During her difficult childhood, Esther Newton recalls that she “became an anti-girl, a girl refusenik, caught between genders,” and that her “child body was a strong and capable instrument stuffed into the word ‘girl.’” Later, in early adulthood, as she was on her way to becoming a trailblazing figure in gay and lesbian studies, she “had already chosen higher education over the strongest passion in my life, my love for women, because the two seemed incompatible.”

In My Butch Career Newton tells the compelling, disarming, and at times sexy story of her struggle to write, teach, and find love, all while coming to terms with her identity during a particularly intense time of homophobic persecution in the twentieth century.

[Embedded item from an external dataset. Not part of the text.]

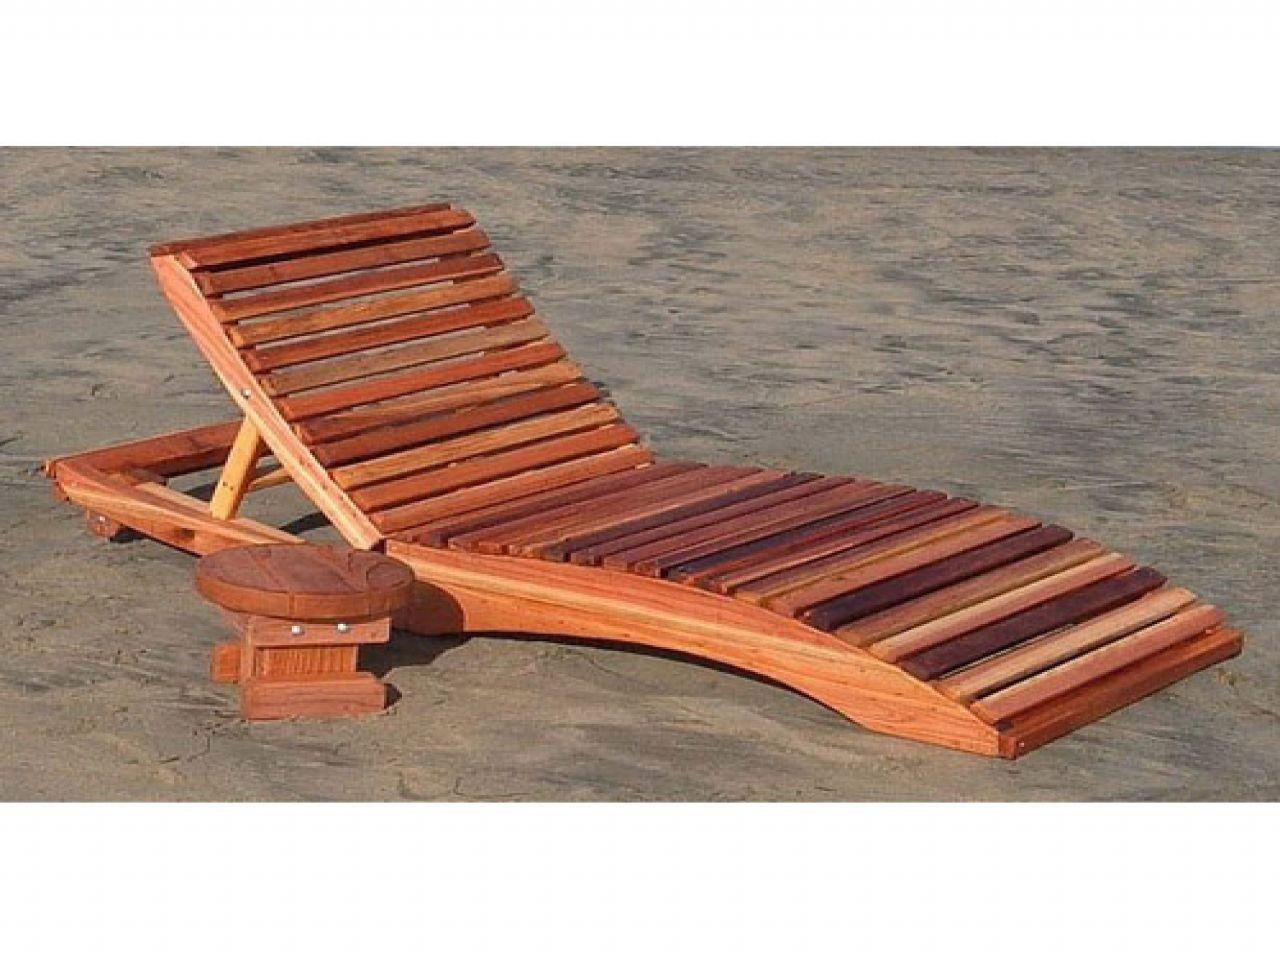 Chaise Lounge Plans Woodworkingdiyplan Woodworking Diy Wooden Deck

Affecting and immediate, My Butch Career is a story of a gender outlaw in the making, an invaluable account of a beloved and influential figure in LGBT history, and a powerful reminder of only how recently it has been possible to be an openly queer academic.

SPEAKER BIO:  

Esther Newton, one of the pioneers of gay and lesbian studies, is formerly Term Professor of Women's Studies at the University of Michigan and Professor of Anthropology at Purchase College, State University of New York. She is the author of several books, including Margaret Mead Made Me Gay: Personal Essays, Public Ideas and Cherry Grove, Fire Island: Sixty Years in America's First Gay and Lesbian Town, as well as the groundbreaking Mother Camp: Female Impersonators in America.